3. 資料模型

3.1. 物件、數值和型別

物件 是 Python 為資料的抽象表示方式。一個 Python 程式當中的所有資料皆由物件或物件之間的關係來呈現。程式碼也都是以物件呈現的。

每個物件都有一個識別性、型別,和數值。物件的識別性在物件建立後永遠不會改變;你也可以把它想成是該物件在記憶體中的位址。is 運算子會比較兩個物件的識別性是否相同;id() 函式則會回傳代表一個該物件的識別性的整數。

在 CPython 當中,id(x) 就是 x 所儲存在的記憶體位址。

一個物件的型別決定了該物件所支援的操作(例如「它有長度嗎?」),也同時定義該型別的物件能夠擁有的數值。type() 函式會回傳一個物件的型別(而該型別本身也是一個物件)。如同它的識別性,一個物件的型別 (type) 也是不可變的。[1]

某些物件的數值可被改變,這種物件稱作「可變的」(mutable);建立後數值不能變更的物件則稱作「不可變的」(immutable)。(不可變的容器物件中如果包含對於可變物件的參照,則後者的數值改變的時候前者的數值也會跟著一起改變;這種時候該容器仍會被當成是不可變的,因為它包含的物件集合仍然無法變更。因此可變或不可變嚴格說起並不等同於數值是否能被改變,它的定義有其他不明顯的細節。
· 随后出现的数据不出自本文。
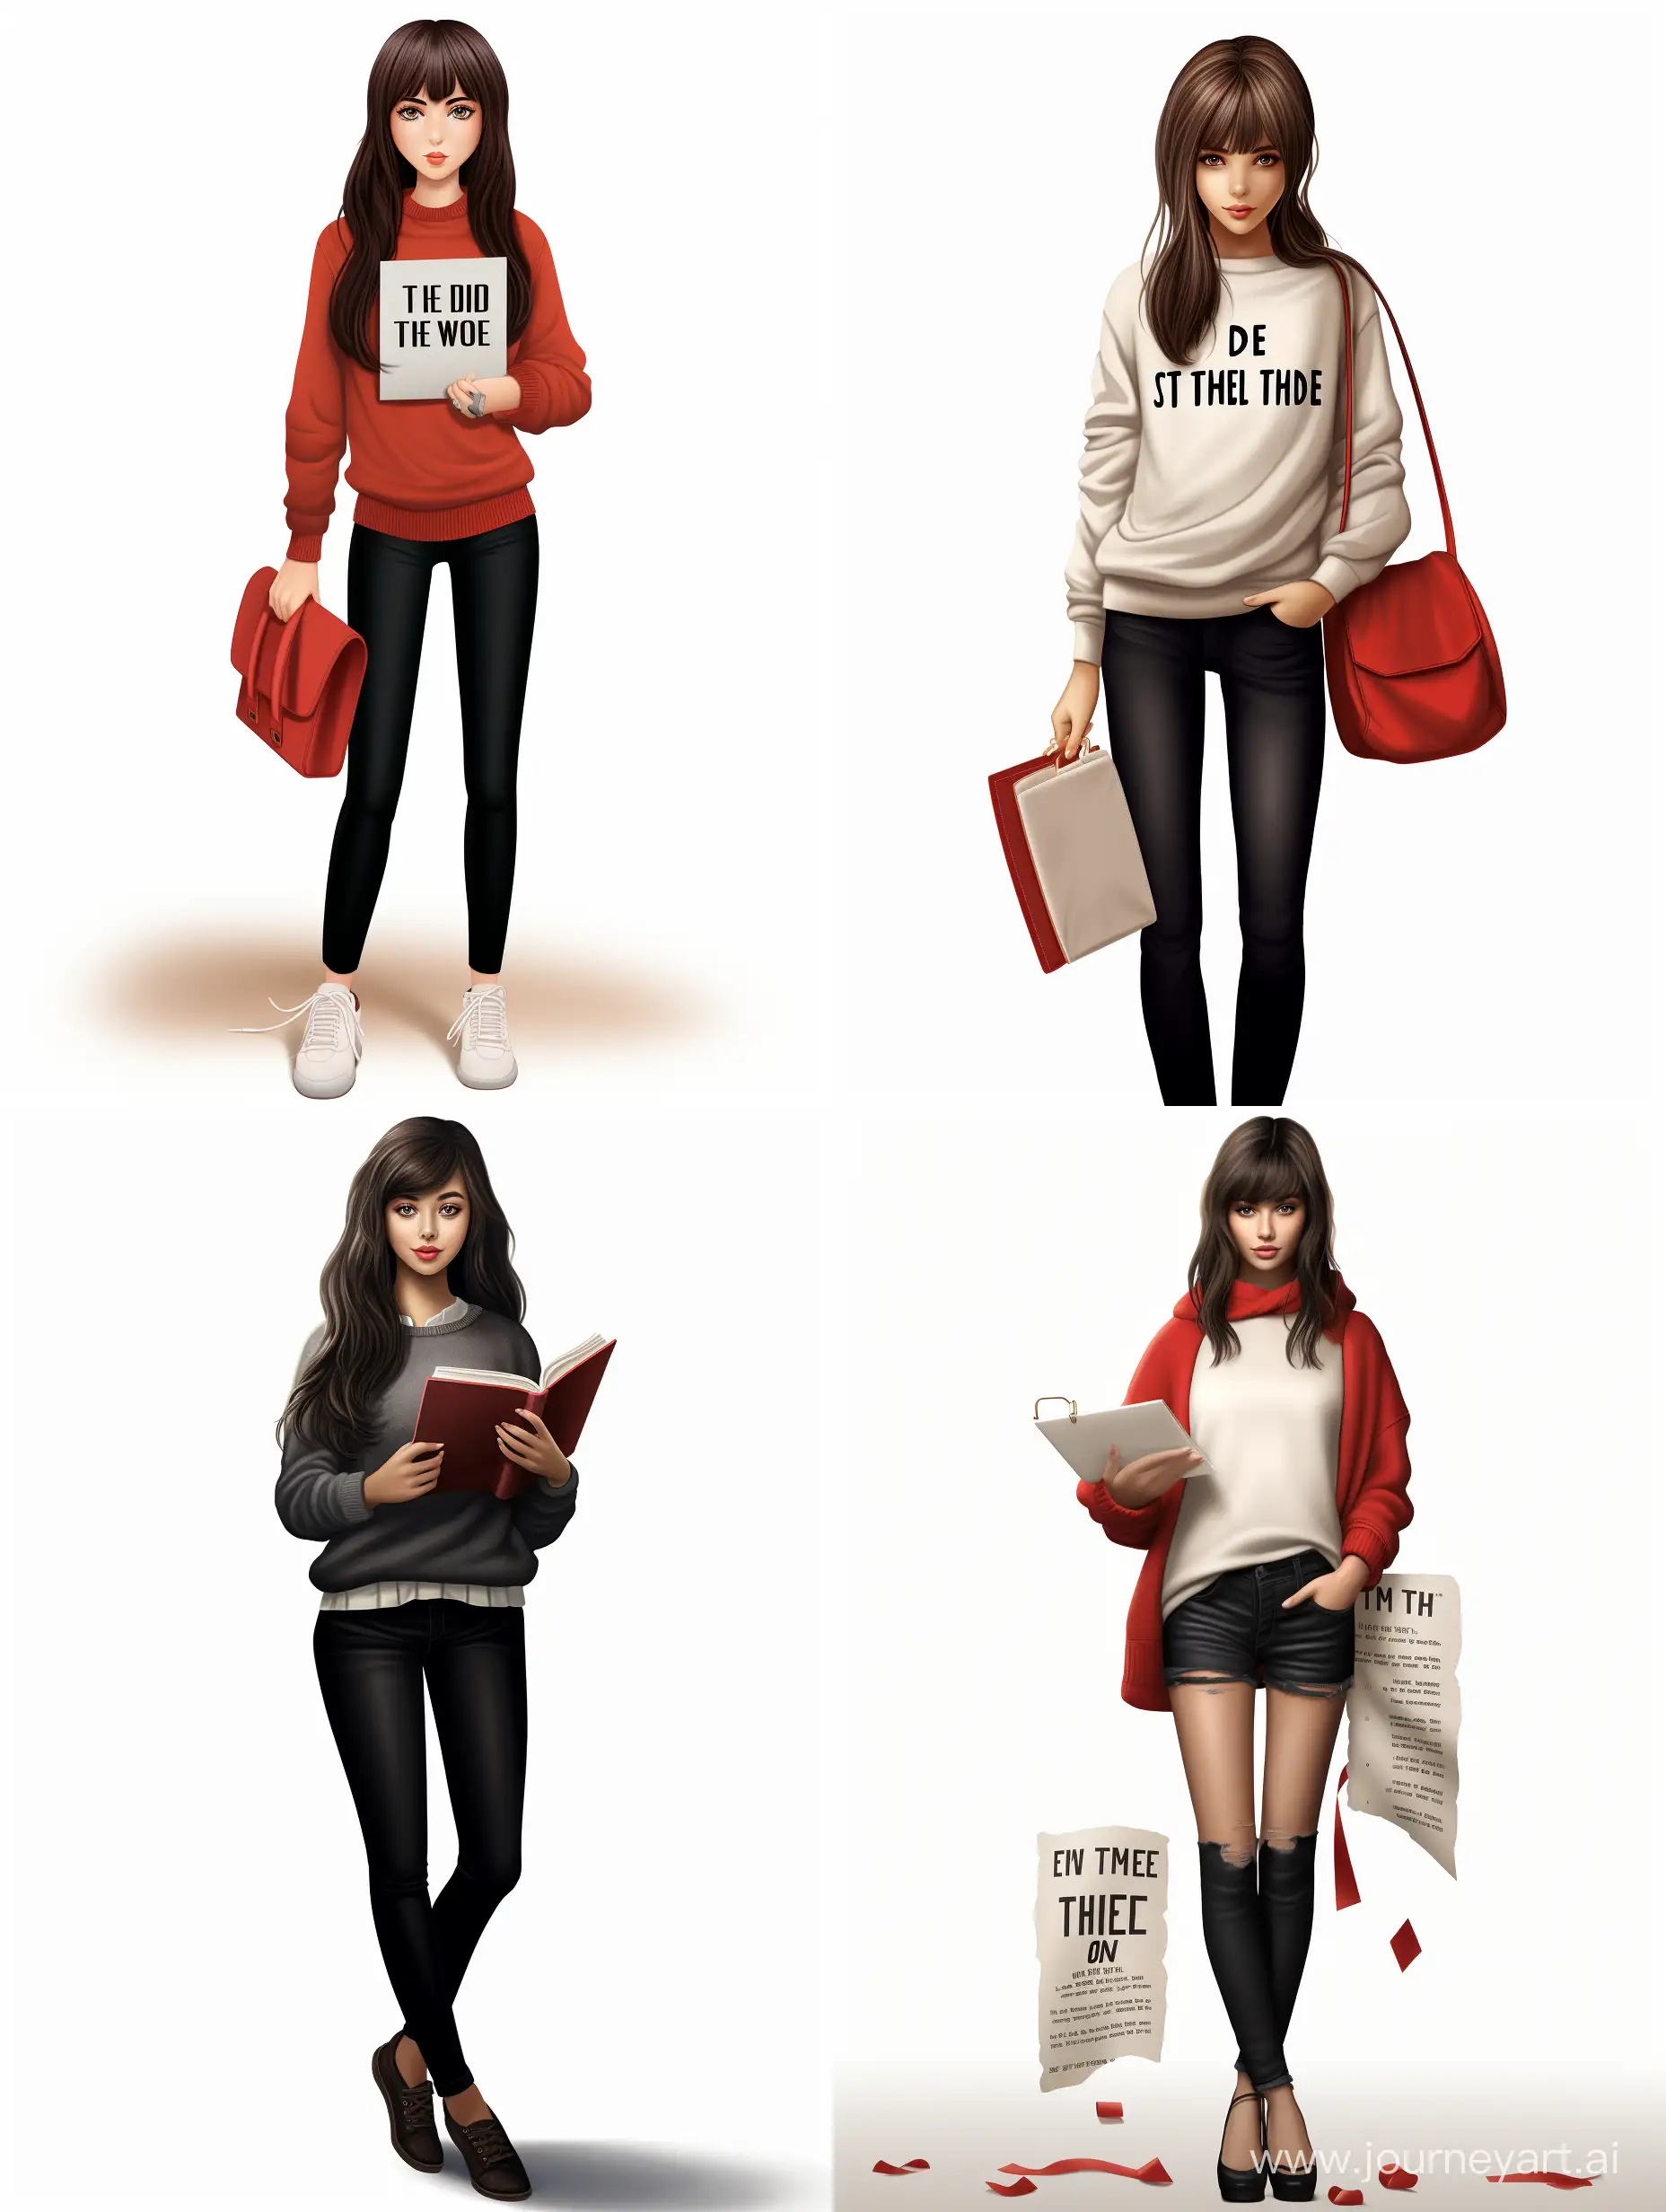 Create a 3D illustration featuring a realistic 18years young handsome girl wearing a white long-sleeved sweaterl , loose black pants and black shoes .She wears a bag in her hand with words " Tsew The Kid'' .Her hair is long to her shoulders with bangs that do not extend past her eyebrows.  His hair should be red but dark in color. She is sitting on an social media logo .  The character background is a mock-up of their social media profile page with a profile name "Li Yori" and a profile picture identical to the character.  Soft light reflection

)一個物件是否為可變取決於它的型別;舉例來說,數字、字串和 tuple 是不可變的,而字典與串列則是可變的。

物件永遠不會被明示的摧毀;但當它們變得不再能夠存取的時候可能會被作為垃圾回收。每個實作都能延後垃圾回收或是乾脆忽略它 --- 垃圾回收如何進行完全取決於各個實作,只要沒有被回收的物件仍是可達的。

CPython 目前使用一種參照計數的方案,並提供可選的循環連結垃圾延遲偵測,這個方案會在大部分物件變得不可存取時馬上回收它們,但不保證能夠回收包含循環參照的垃圾。關於控制循環垃圾回收的資訊請見 gc 模組的說明文件。其他實作的行為不會相同,CPython 也有可能改變,因此請不要仰賴物件在變得不可存取時能夠馬上被最終化(亦即你應該總是明確關閉檔案)。

請注意,使用一個實作的追蹤或除錯工具可能會讓原本能夠回收的物件被維持存活。也請注意,使用 try...except 陳述式來抓捕例外也可能會讓物件維持存活。

某些物件包含對於「外部」資源的參照,像是開啟的檔案或是視窗。基本上這些資源會在物件被回收時釋放,但因為垃圾回收不保證會發生,這種物件也會提供明確釋放外部資源的方式 --- 通常是 close() method。強烈建議各個程式明確關閉這種物件。try...finally 陳述式與 with 陳述式提供進行明確關閉的方便手段。

某些物件包含對於其他物件的參照;這種物件被叫做「容器」。容器的範例有 tuple、串列與字典。這些參照是容器的數值的一部分。通常當我們提到容器的數值的時候,我們指的是其中包含的物件的數值,而不是它們的識別性;但當我們提到容器是否可變的時候,我們指的是直接包含在其中的物件的識別性。因此,如果一個不可變的容器(像一個 tuple)包含對於可變物件的參照,該可變物件被變更時該容器的數值也會跟著變更。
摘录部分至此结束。